Confirm this Overview of the drawings

 The present invention is described in detail below with reference to the drawings and embodiments.

 FIG. 1 is a schematic diagram of a longitudinal section of an embodiment of the present invention.

 FIG. 2 is a top view of an embodiment of the present invention.

Preferred embodiment of the invention

 As shown in FIG. 1 and FIG. 2, the broadband microstrip array antenna unit of the present invention has a microstrip feed line 1, a dielectric layer 2, a ground metal plate 3, a coupling window 4 opened on the ground metal plate, and a first metal patch 6. And its dielectric substrate 7, the second metal patch 8 and its dielectric substrate 9, the hollow metal support 13 and the dielectric pillar 12 are fixedly connected in order on the ground metal plate 3, and the dielectric substrate 7 of the first patch 6 passes through The screw 10 is fixed on the edge step 11 of the hollow hole of the metal support 13, and the dielectric substrate 9 of the second patch 8 is fixed on the dielectric pillar 12. Therefore, between the ground metal plate 3 and the first patch 6, the first A resonant cavity 51, 52 is formed between each of the patch 6 and the second patch 8.

 In the embodiment, the area of the first metal patch 6 is smaller than the cross section of the resonant cavity 51 where the first metal patch 6 is located, so that the resonant cavity 51 can excite the first and second metal patches. The cross section of the two resonant cavities can be square, rectangular, or circular, and the shape of the two metal patches corresponds to the cross sectional shape of the resonant cavity.

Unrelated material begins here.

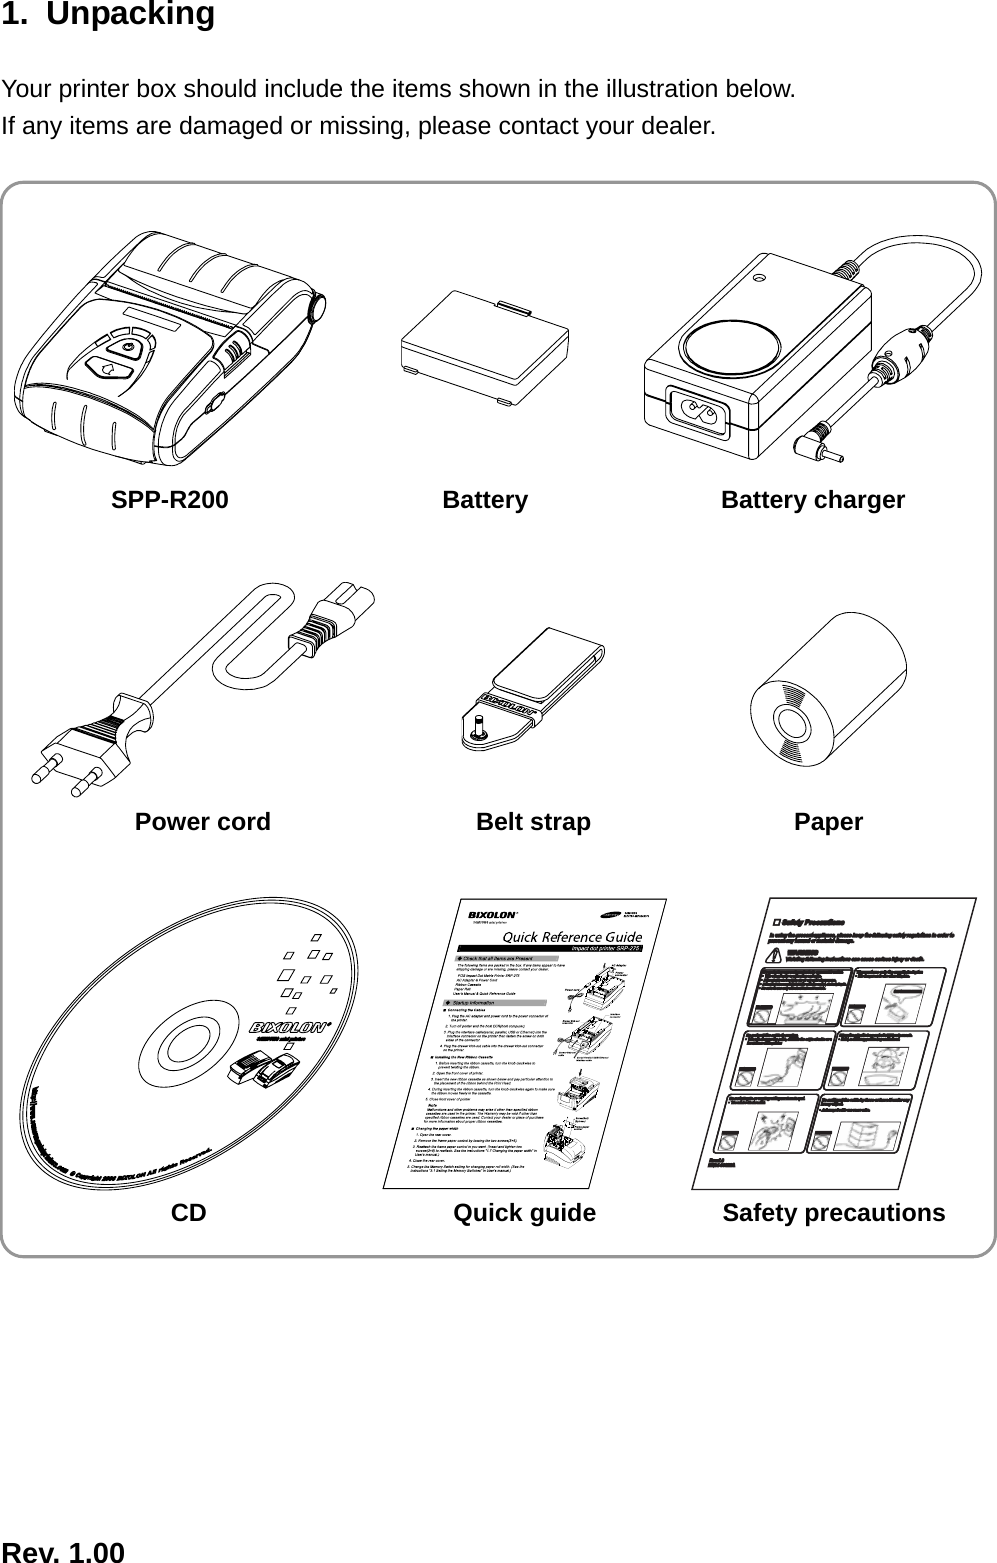  Rev. 1.00  1. Unpacking  Your printer box should include the items shown in the illustration below. If any items are damaged or missing, please contact your dealer.       SPP-R200 Battery Battery charger      Power cord  Belt strap  Paper                                                                                                                                                                  CD  Quick guide  Safety precautions

 In order to make the present invention work better, further features are: 1) the areas of the two metal patches are different, 2) the coupling window 4 is located on the center line of the ground metal plate 3 under the resonant cavity 51, and spans Microstrip feeder.

Claims

Rights request 1. A broadband microstrip array antenna unit, comprising a microstrip feed line, a dielectric layer, a grounded metal plate, a coupling window opened on the grounded metal plate, a metal patch, and a patch dielectric substrate, characterized in that it has a first patch The sheet and its dielectric substrate and the second patch and its dielectric substrate are sequentially fixedly connected to the hollow metal support and the dielectric pillar on the grounded metal plate, and the dielectric substrate of the first patch is fixed to the hollow hole of the metal support. The dielectric substrate of the second patch is fixed on the dielectric pillar, and a resonant cavity is formed between the ground metal plate and the first patch, and between the first patch and the second patch.  2. The wideband microstrip array antenna unit according to claim 1, characterized in that the closing window is located on the center line of the ground metal plate under the resonant cavity and spans the microstrip feed line.  3. The wideband microstrip array antenna unit according to claim 1, wherein the areas of the two metal patches are not equal.  4. The wideband microstrip array antenna unit according to claim 1 or 2 or 3, characterized in that the cross-section of the two resonant cavities is square, and the shape of the two metal patches and the cross-sectional shape of the resonant cavity should be.  5. The wideband microstrip array antenna unit according to claim 1 or 2 or 3, characterized in that the cross section of the two resonant cavities is rectangular, and the shape of the two metal patches corresponds to the shape of the cross section of the resonant cavity.  6. The wideband microstrip array antenna unit according to claim 1 or 2 or 3, characterized in that the cross section of the two resonant cavities is circular, and the shape of the two metal patches corresponds to the shape of the cross section of the resonant cavity.